Troubleshooting (fast answers)

  • TLS shows “TRAEFIK DEFAULT CERT” ACME didn't issue yet. Check: DNS points to VM IP; inbound 80/443 open (Hetzner+UFW); ACME_EMAIL set; acme.json exists and 0600 (Traefik volume handles this).
  • /healthz over HTTPS returns 404 Verify labels on spapi service traefik.http.routers.spapi.rule=Host<<{API_HOST}>> and that the container is healthy.
  • Worker “unhealthy” Healthcheck uses celery status or pgrep. If using pgrep, ensure image includes procps. Also verify Redis reachable (redis container healthy).
  • Beat restarts / permission denied Ensure the beat state path is writable. Our compose uses a volume; if you changed paths, mount a writable dir (e.g. /var/lib/celery) or set env to a writable location.

Security notes

  • The deploy key is read-only and limited to the GitHub repo.
  • LWA credentials are encrypted at rest with SPAPI_FERNET_KEY. Only server workers/beat can decrypt for scheduled jobs.
  • By default, CORS is permissive (*)—tighten SPAPI_API_CORS for production.
  • Exposed ports: 443/80 (Traefik), nothing else public.
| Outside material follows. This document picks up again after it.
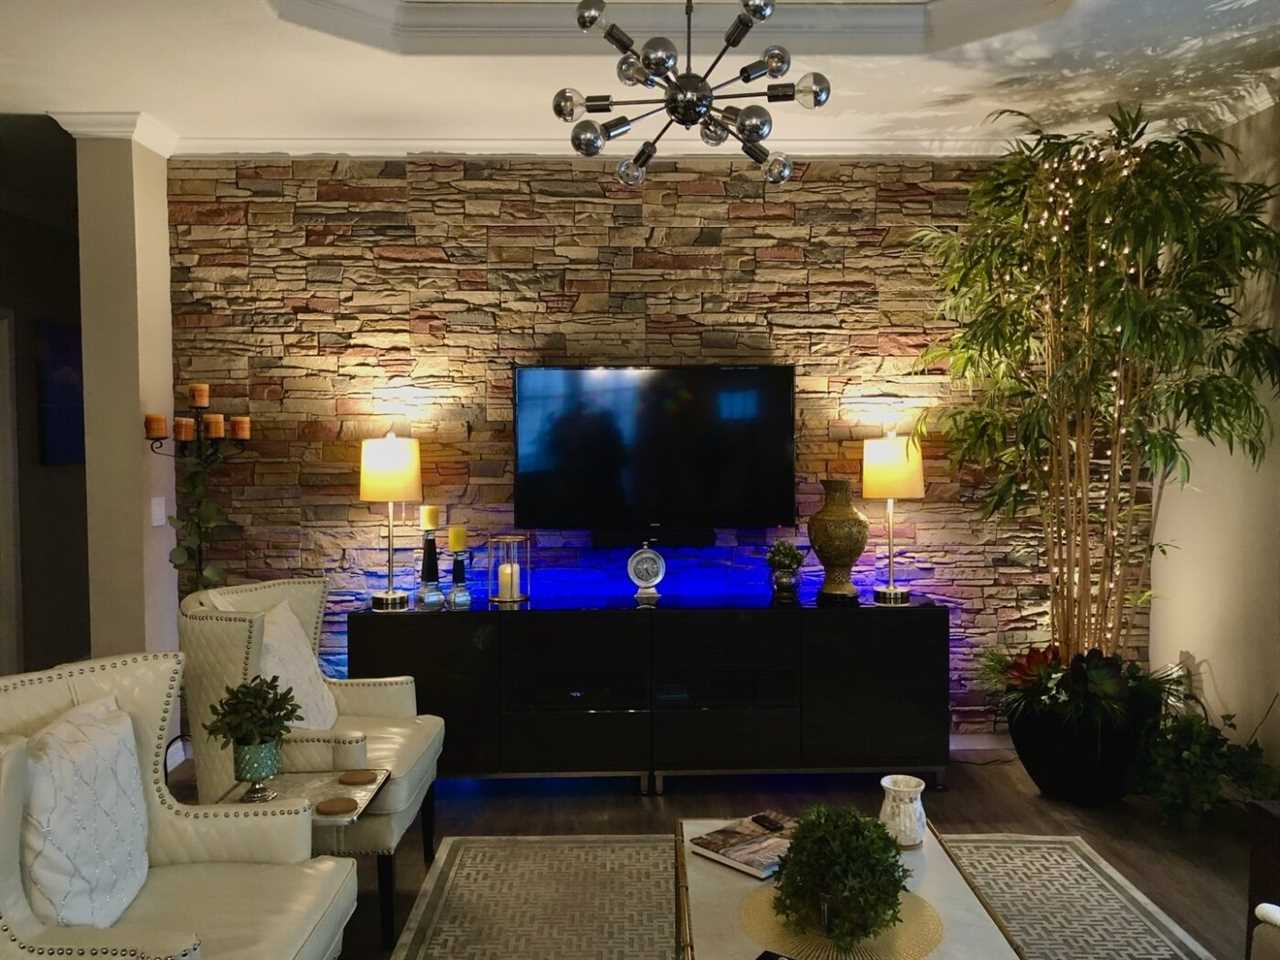 Benefits of a TV Accent Wall

At a glance: Endpoint & job flow

  1. Frontend tests keys → POST /test (no store).
  2. Frontend stores keys to enable schedules → POST /creds.
  3. User runs quick actionsPOST /enqueue with inline keys (or uses stored keys).
  4. Worker ingests → writes jobs & events to Supabase → frontend Realtime updates.
  5. Beat runs hourly/daily per spapi_sync_prefs (only when keys stored).

That's it. You now have a clean, resilient stack with HTTPS, background jobs, and a simple operational model.